The key challenge for refugees is similar to what many people experiencing homelessness face: the difficulty of finding good quality, permanent housing at affordable rates. In addition, refugees experience a significant amount of psychological distress, a lack of social capital, unemployment, and a variety of barriers related to systemic discrimination.
Settlement agencies attempt to address these barriers by helping immigrants and refugees find housing, get identification, and become connected to their new communities. Their services are interwoven because for people new to a country – many of whom don’t yet understand the language – one point of service is key to their success. All refugees who are not privately sponsored get assistance from these organizations – they do not simply “jump the line” in waiting lists for subsidized housing, as John McCallum (Minister of Citizenship, Immigrants and Refugees) has reiterated. Most caseworkers look outside of subsidized housing for refugees, trying to find landlords willing to accept people new to the country. Most find housing within the private market, but are at high risk of taking housing that is too expensive, overcrowded, and/or illegally rented.
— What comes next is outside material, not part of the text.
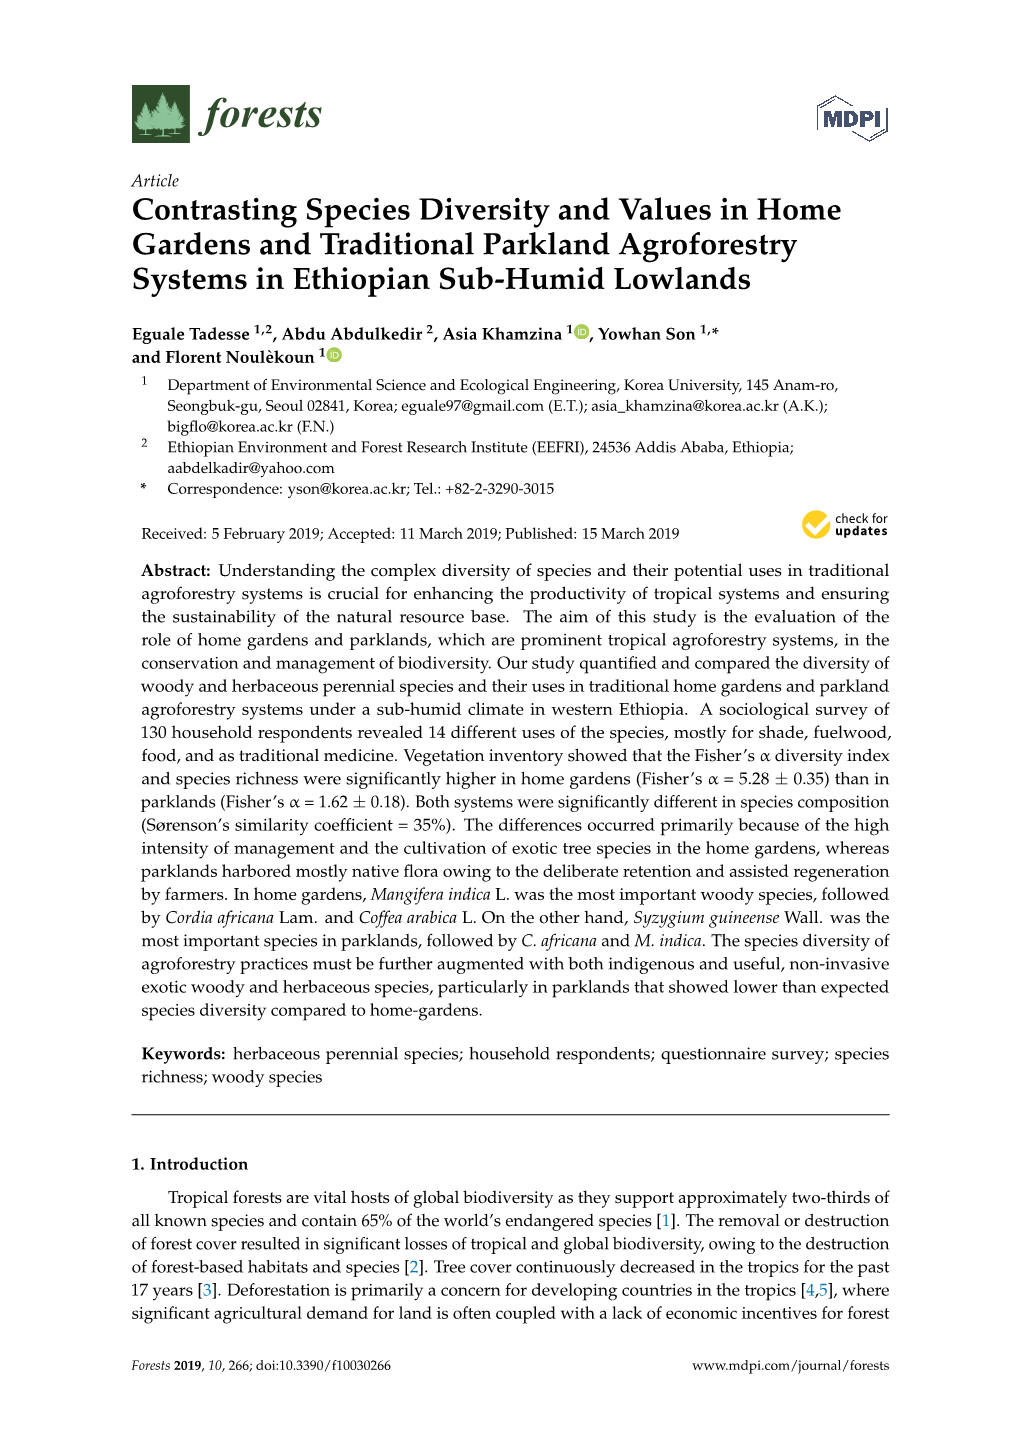 Contrasting Species Diversity and Values in Home Gardens and Traditional Parkland Agroforestry Systems in Ethiopian Sub-Humid Lowlands

In major cities like Toronto, where there is already an enormous housing backlog, settlement agencies are facing numerous challenges. CBC’s interview with Maher Azem, head of the volunteer housing committee with the Syrian Canadian Foundation, covers some of the biggest challenges, including:
- Finding two-bedroom apartments for $1200 or less that aren’t in dismal shape, extraordinarily small, or far away from schools and grocery stores (many refugees are families and do not yet have transportation, and public transit in suburbs can be lacking).
- Keeping arrivals together, as many are not yet fluent in English and rely on each other.
Even though settlement agencies are struggling to keep up – Azem’s agency received 60 new families the same week it found housing for 20 – they are succeeding at helping refugees find housing (mostly in the city outskirts/suburbs), for now. To ease the backlog, settlement agencies in Toronto, Ottawa, Halifax and Vancouver have asked for a temporary pause in refugee arrivals until they can find housing for those who have already arrived, and smaller cities and towns have since pledged to assist refugees.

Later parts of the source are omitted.